Tuesday, November 24, 2015

'Our' dream house has sold.  Last week, the stunning Burringbar house was sold to some lucky family.  Felt quite sad for a bit.  However, if we haven't got it than it's not meant to be.  Have found another property (6 acres) near Cobaki for $730,000.  Beautiful old refurbished place with a view, much better grazing for the horses (one of the few drawbacks of the Burringbar house), much closer to the kids, the coast, the amenities.  Not that it will last long.  It's such a nice little place in a prime location that someone will soon buy it.

But I am not dismayed!  Have decided not to look at any properties until we have a contract on this one.  Have also decided that we will drop the price in the New Year, perhaps hitting the psychologically significant below $400,000 mark, like $399,999 or some such silliness. 

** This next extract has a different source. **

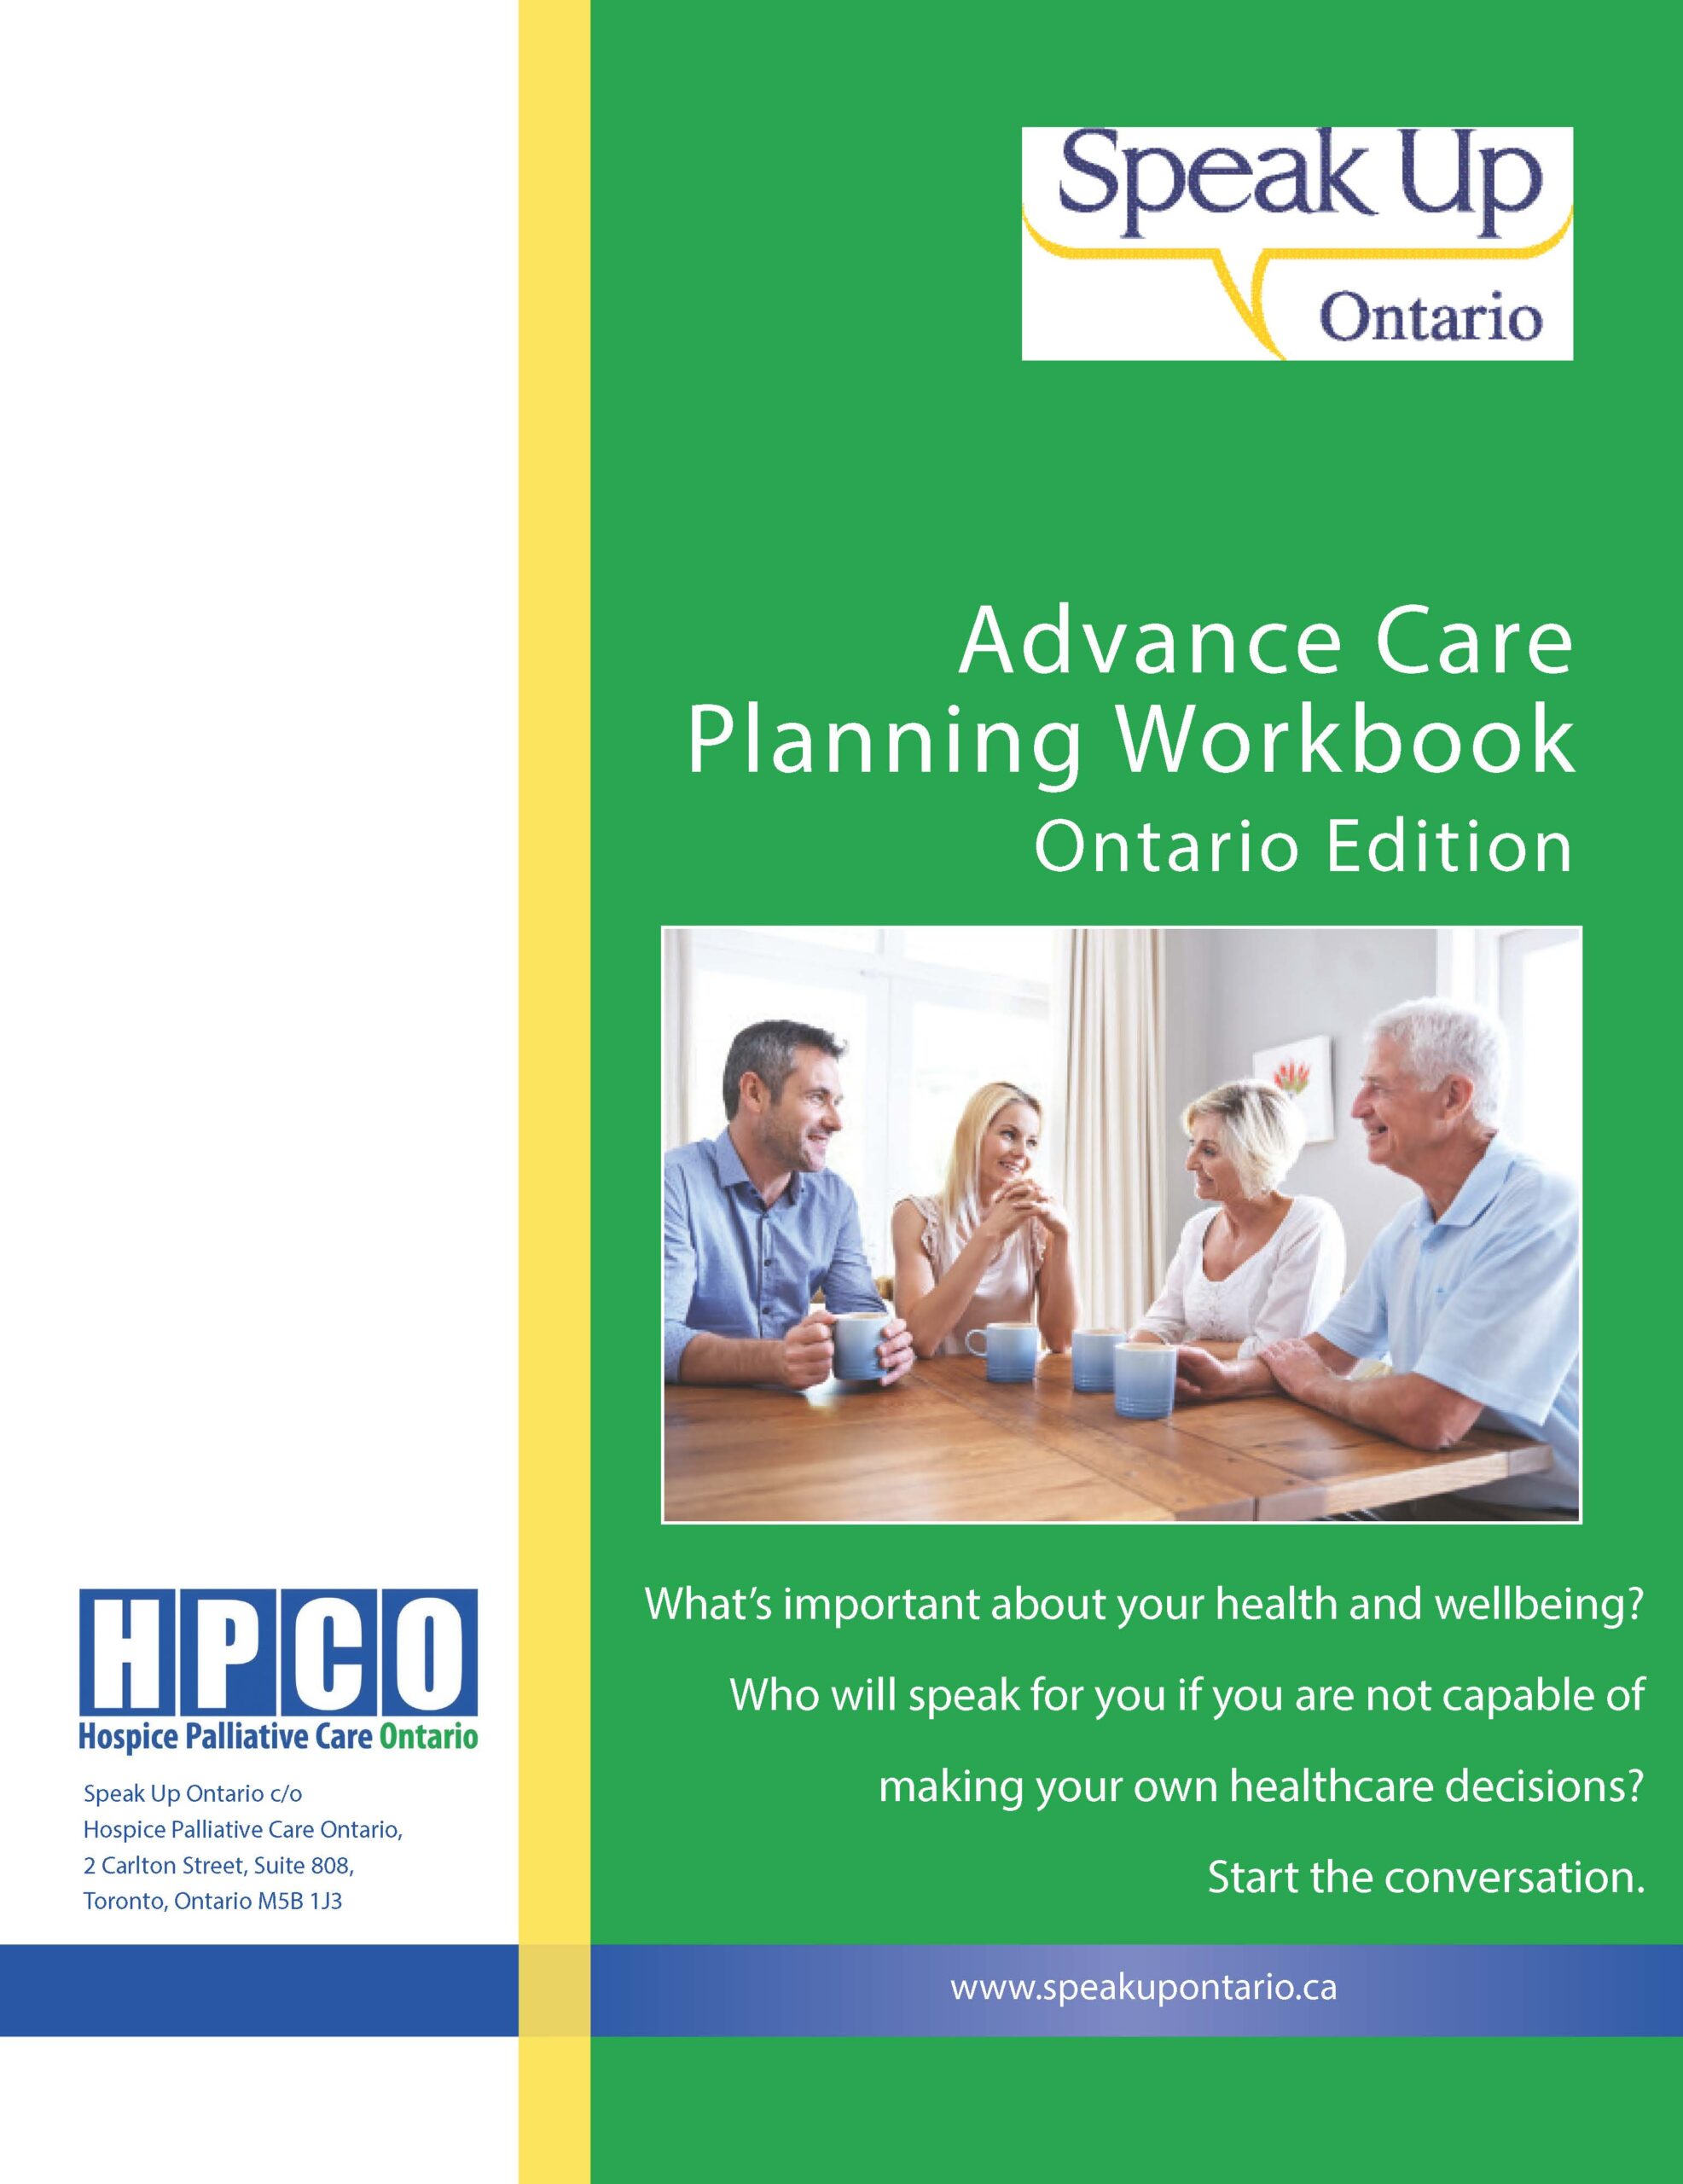 Advance Care Planning workbook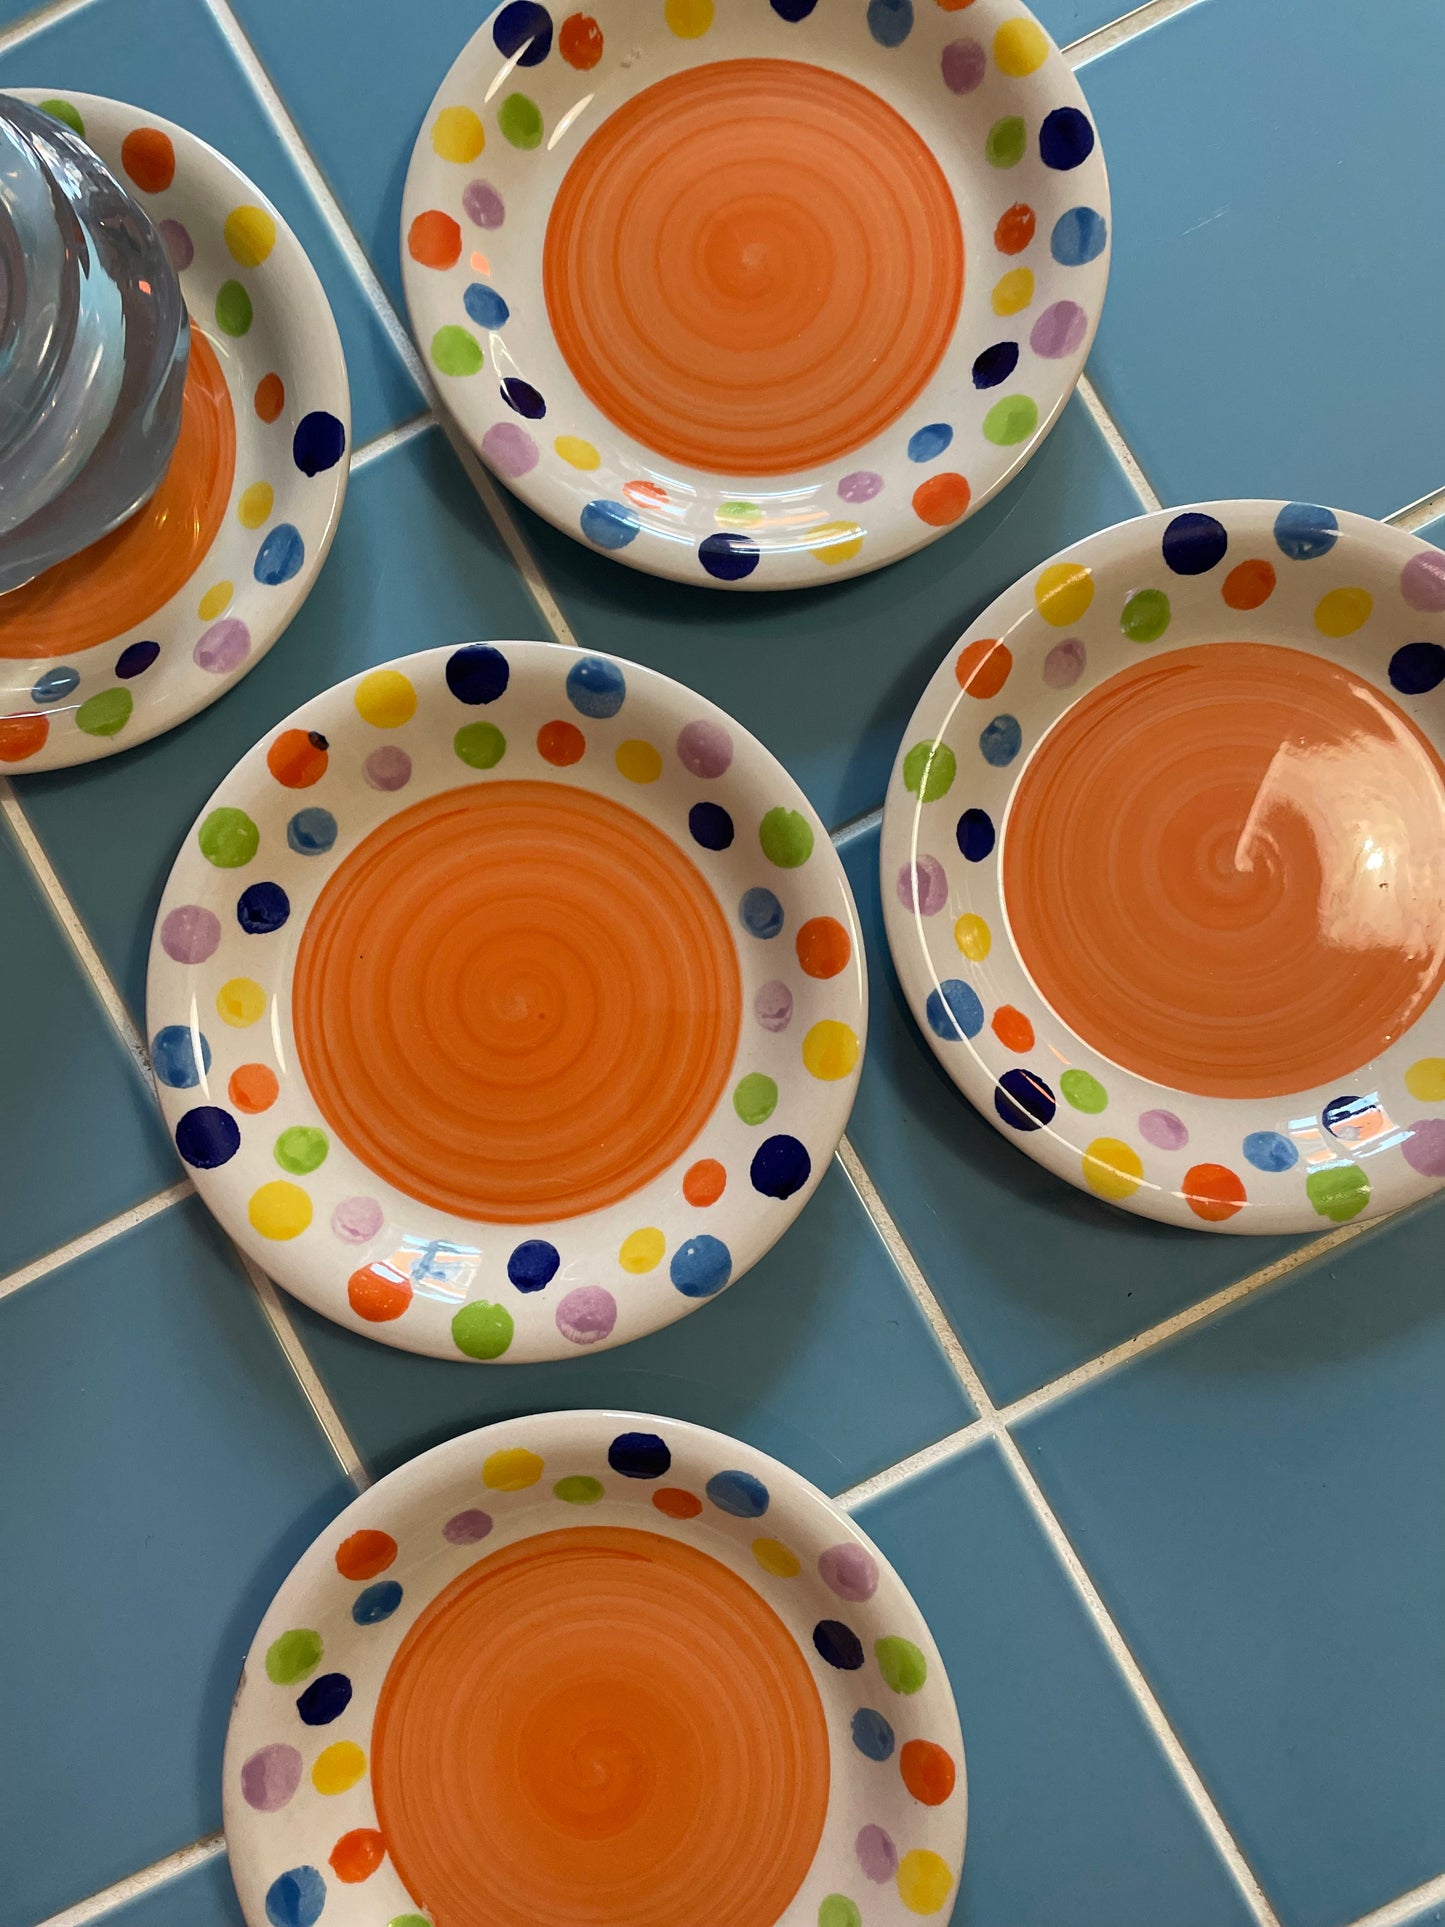 Tivoli style lunch plates with orange centre

At the moment we are enduring heat waves.  Was 40 on Saturday.  Will be 38 for the next two days.  Doesn't make the idea of showing the house very attractive.  And it's been so miserable that we've done little outside.  I need to do the whole sweep rake cobweb thing again.  The geckos, bless them, are prolific poopers so every sill is peppered with two tone poo, rather like bird poo, which is just another clue to indicate birds descended from reptiles. 

Still working on the same drawing.  Slowly slowly pulling it into shape.  Sometimes, looking at the stunning work on Pinterest, I wonder why I persevere.  But then, whether my work is good or not, I cannot NOT draw. 

My sister has started following me on Pinterest.  At least we are in touch, by one remove but better than nothing.  Was so satisfying when we were emailing nearly every day when she was in Charlevoix.  I'm my own worst enemy because I'm not social and social occasions are difficult for me, yet it is sometimes lonely.  Richard is my darling but the relationship has changed because of his illness and mentally we aren't covering the same ground anymore. 

But I'm not going to slide into complaining and sadness.  We are healthy, have everything (can almost feel the solid tug on my bootstraps) so shut up and get on with it. 

Will go do yoga, with all fans blazing.  That always helps. 

Saturday, November 14, 2015

Paris and the Terrorist Toddler Tantrums

Feel the need to write about the tragedy unfolding in Paris but am somewhat lost for words.  Back to the same conundrum - the nature of evil, black because we have white, light and darkness, on and off?  Having to accept these opposites to know the existence of, well, existence? 

But I can't excuse it that easily.  The mind of someone who, despite being indoctrinated, brainwashed, trained and promised glory in the afterlife, can indiscriminately kill and then, without hesitation, blow themselves up, is beyond me.  It's like trying to understand the thought processes of a dung beetle.  And I like dung beetles.  They do a great job and they're fascinating to watch but still, they're dung beetles. 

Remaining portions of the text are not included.